Der Verein sucht nun eine neue Familie für das Steinbacher Kinderdorf. „Der Bedarf ist riesengroß“, sagt Jasmin von Zahn vom Kinderdorfverein. Üblich ist, dass eine Familie bis zu sechs Kinder aufnimmt. Einer muss eine Ausbildung als Erzieher oder Sozialpädagoge aufweisen. Unterstützt wird das Paar durch Erzieher oder Heilerziehungspfleger im Haus.

„Es ist eine sinnvolle Tätigkeit. Man kann das Potenzial einer Familie zeigen“, sagt Silke Borrmann. Sie würde immer wieder diesen Lebensweg einschlagen. Doch inzwischen – mit 48 Jahren – kann sie sich nicht mehr für einen langen Zeitraum wie zehn Jahre verpflichten. Natürlich war die Zeit nicht immer einfach, Rückschläge gab es genug. „Aber ich konnte zu Hause arbeiten und hatte Zeit für ganz viele Sachen, die ich vorher nie hatte.

So gibt es viele Angebote im Kinderdorf wie Paddeln, Klettern, Reiten, kulturelle Beschäftigungen, Töpfern oder Nähen. Und Tochter Sandra empfand nie Neid oder Eifersucht. Die heute 29-Jährige war neun Jahre alt, als die Familie das erste Kind aufnahm. „Es hat sich sofort richtig für mich angefühlt, ihm einen Platz in unserer Familie zu geben. Ich erinnere mich noch ganz genau, wie es vor uns stand, mit den strahlenden Augen, die Hoffnung und Sehnsucht nach etwas Gutem ausstrahlten.“

Den drei, noch verbliebenen, Mädels gefällt es bei den Borrmanns. Claudia*, 13 Jahre, lebt seit fünf Jahren bei ihnen. Zuvor war sie im Kinder- und Jugendnotdienst untergebracht. „Mir gefallen die Harmonie und der Zusammenhalt.“ Sie wünscht sich mehr Kinderdorffamilien und Erzieher für die Familien. „Ich finde, dass kleinere Kinder in einer Kinderdorffamilie besser aufwachsen können. Und kleine Kinder haben es aus meiner Sicht am schwersten, wenn sie von ihren Eltern getrennt werden. Ich wünsche mir natürlich auch, dass die Kinderdorfeltern ganz lange zusammenhalten, so wie meine.“ Und die zwei Jahre ältere Victoria* liebt vor allem den Spaß in der Familie. Sie wünscht sich einen weiteren Kontakt, auch nach ihrem Auszug. Die 18-jährige Julia* schätzt vor allem die Teamarbeit und Mitbestimmung.

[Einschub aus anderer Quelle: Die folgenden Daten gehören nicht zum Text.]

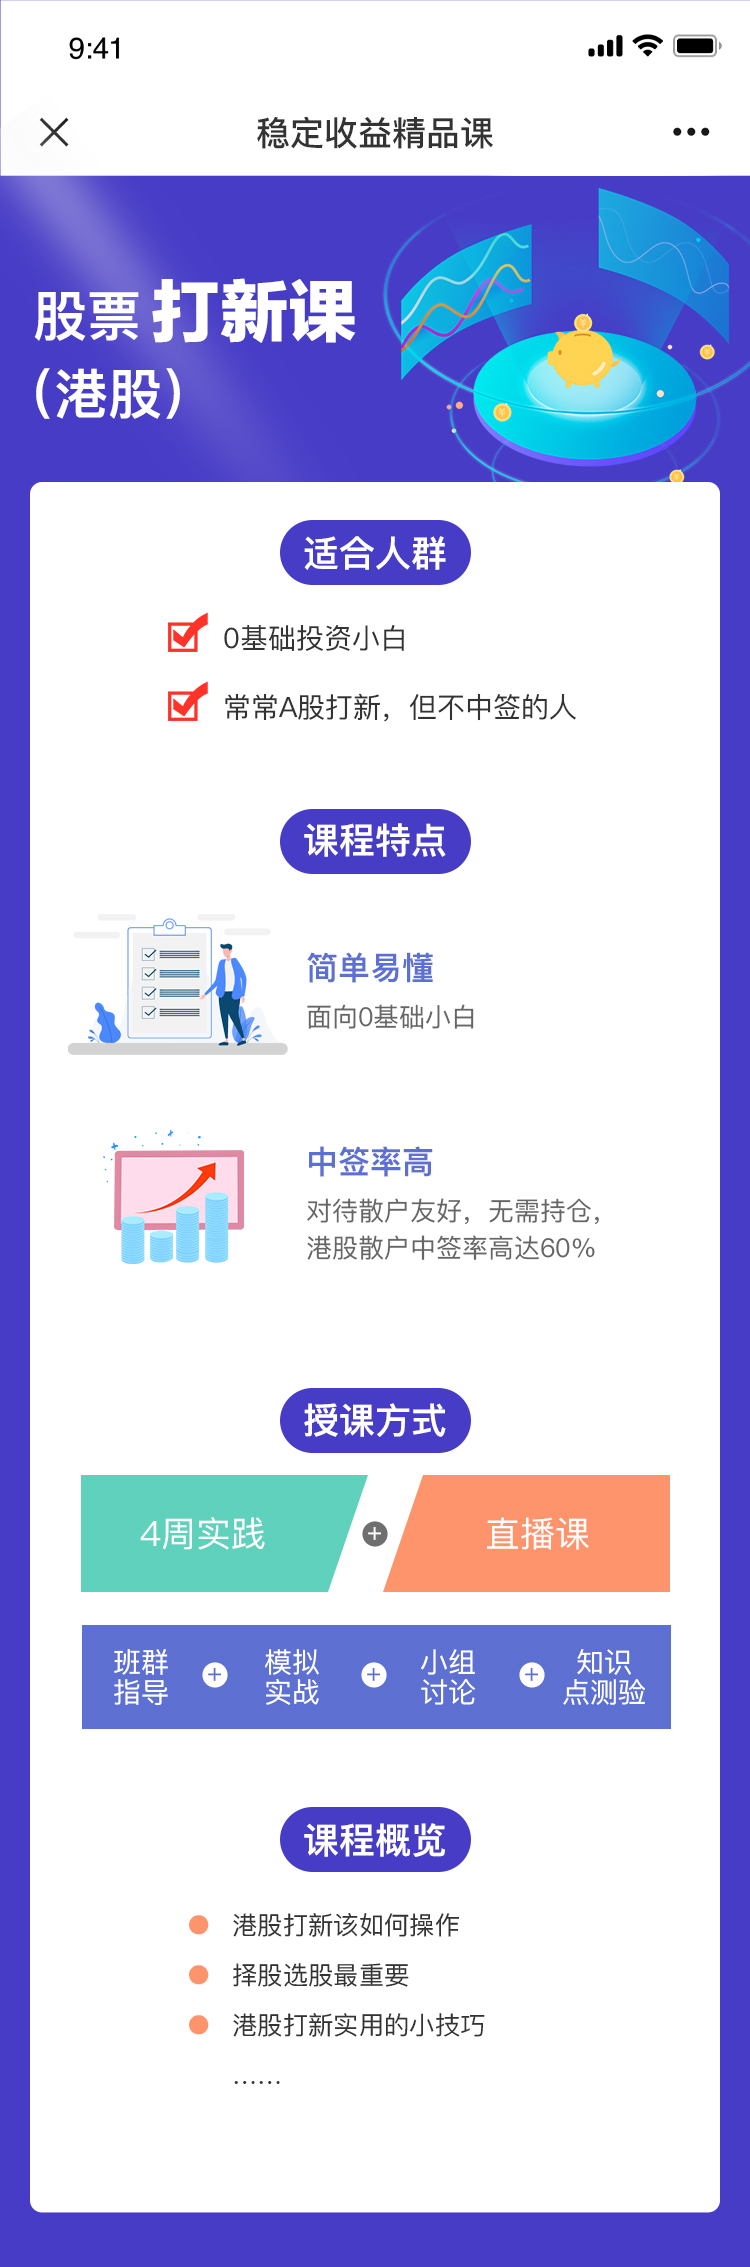 江苏网站建设文案app_(江苏网文电子科技有限公司)
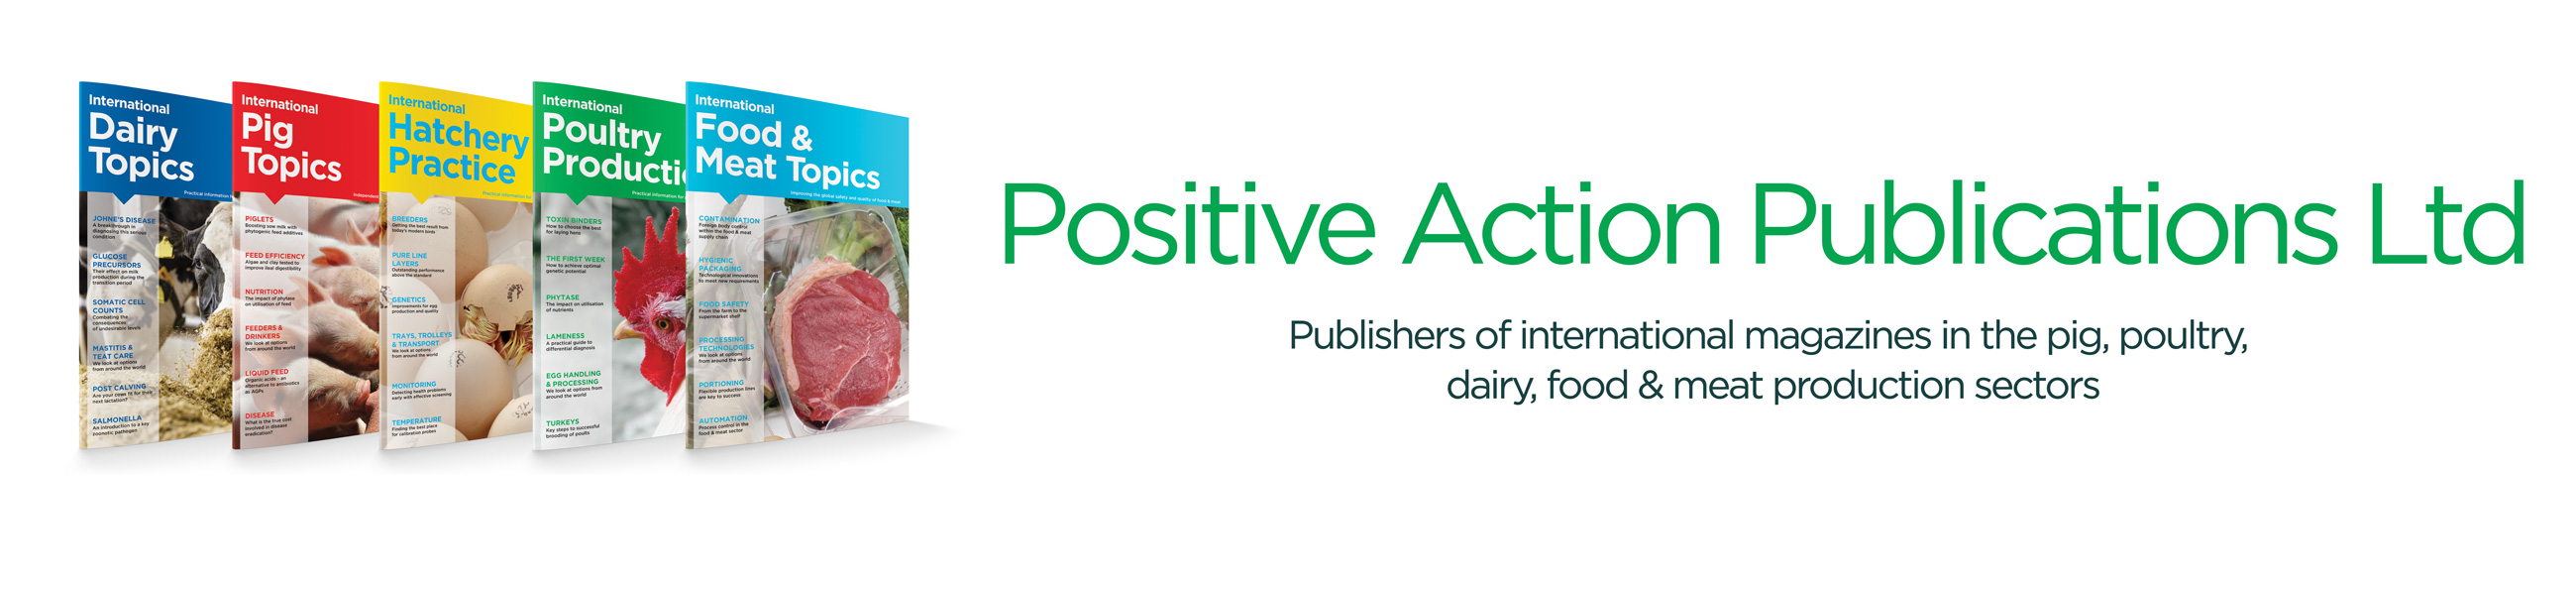 Positive Action Publication

Viele Kinder haben später trotzdem Probleme, eine Ausbildung durchzuziehen oder längere Beziehungen einzugehen. „Aber sie hatten die Chance, etwas anderes kennenzulernen. Sie hatten die Chance, ihren eigenen Weg finden zu können“, sagt Silke Borrmann. Und genau das ist das Anliegen des Vereins.

* Die Namen wurden von der Redaktion geändert.